This project’s data set is the overall results from the 2022 Canadian Football League’s (CFL) Combine. The purpose of this project is to faithfully represent the high-dimensional (eight) data set in two-dimensions while preserving the variance (that is, differences in athletic performance) and keeping the process easy to understand by non-statisticians. This is achieved via principal component analysis (PCA), and results in interesting patterns emerging in player position with respect to athletic performance as measured by their Combine results.
The CFL Combine is a series of athletic tests used to scout potential athletes for the league’s nine franchises (i.e.: teams). The teams use the results of the Combine during the CFL’s Draft, where they select new team members from a pool of eligible athletes. The data set for this project is the overall results from the 2022 CFL National Combine, truncated to remove athletes who did not participate in every event. 43 out of the 53 athletes reported in the overall results completed every event.
The data set consists of nine variables of interest, one of which is categorical and the remaining eight are quantitative.

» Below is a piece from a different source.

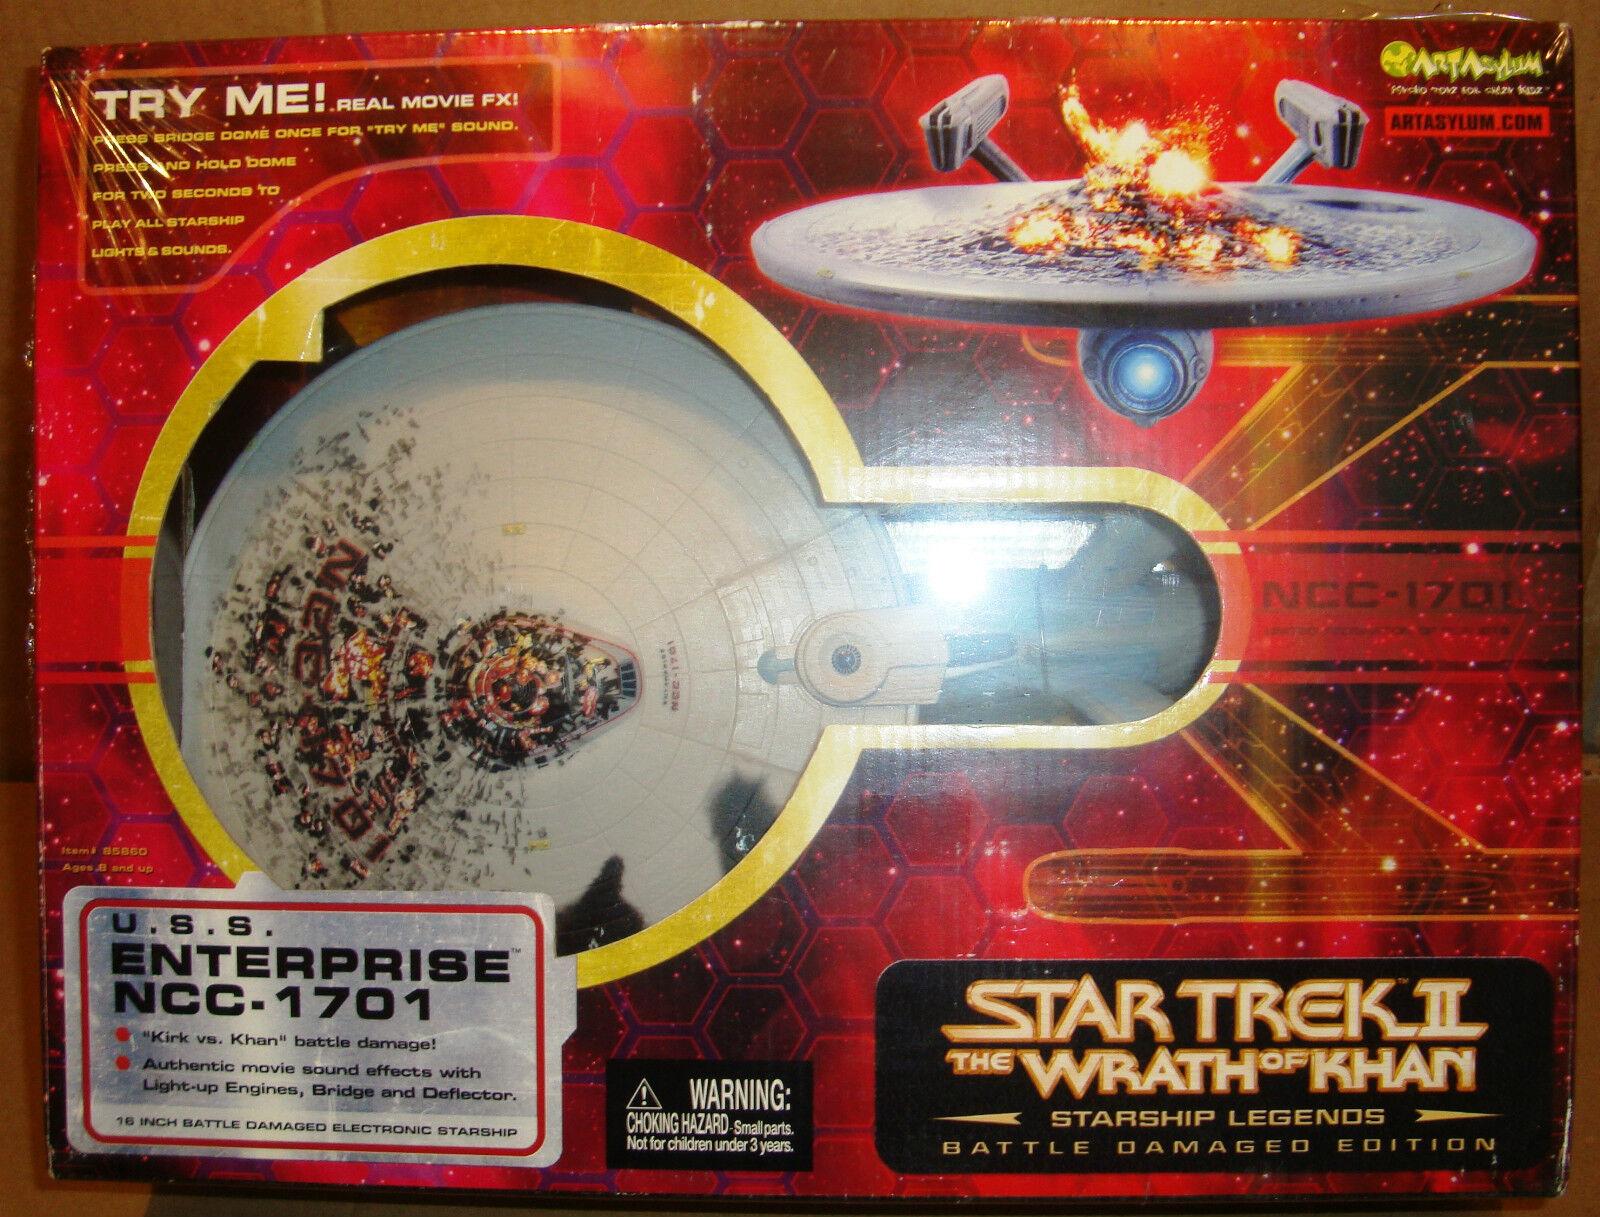 en venta en línea Estrella TREK II U.S.S. ENTERPRISE NCC-1701 BATTLE DAMAGE EDITION EDITION EDITION 16  ART ASYLUM  ¡No dudes! ¡Compra ahora!

The first variable of interest is the categorical variable player position. We omit this variable from calculations but it plays an important role in the construction of the final biplot where it allows us to see the resulting patterns.
The second and third variables of interest are height and weight. Together these variables form the concept of size.
The fourth variable of interest is the number of completed bench press repetitions of 225 pounds. This measures an athlete’s upper body strength.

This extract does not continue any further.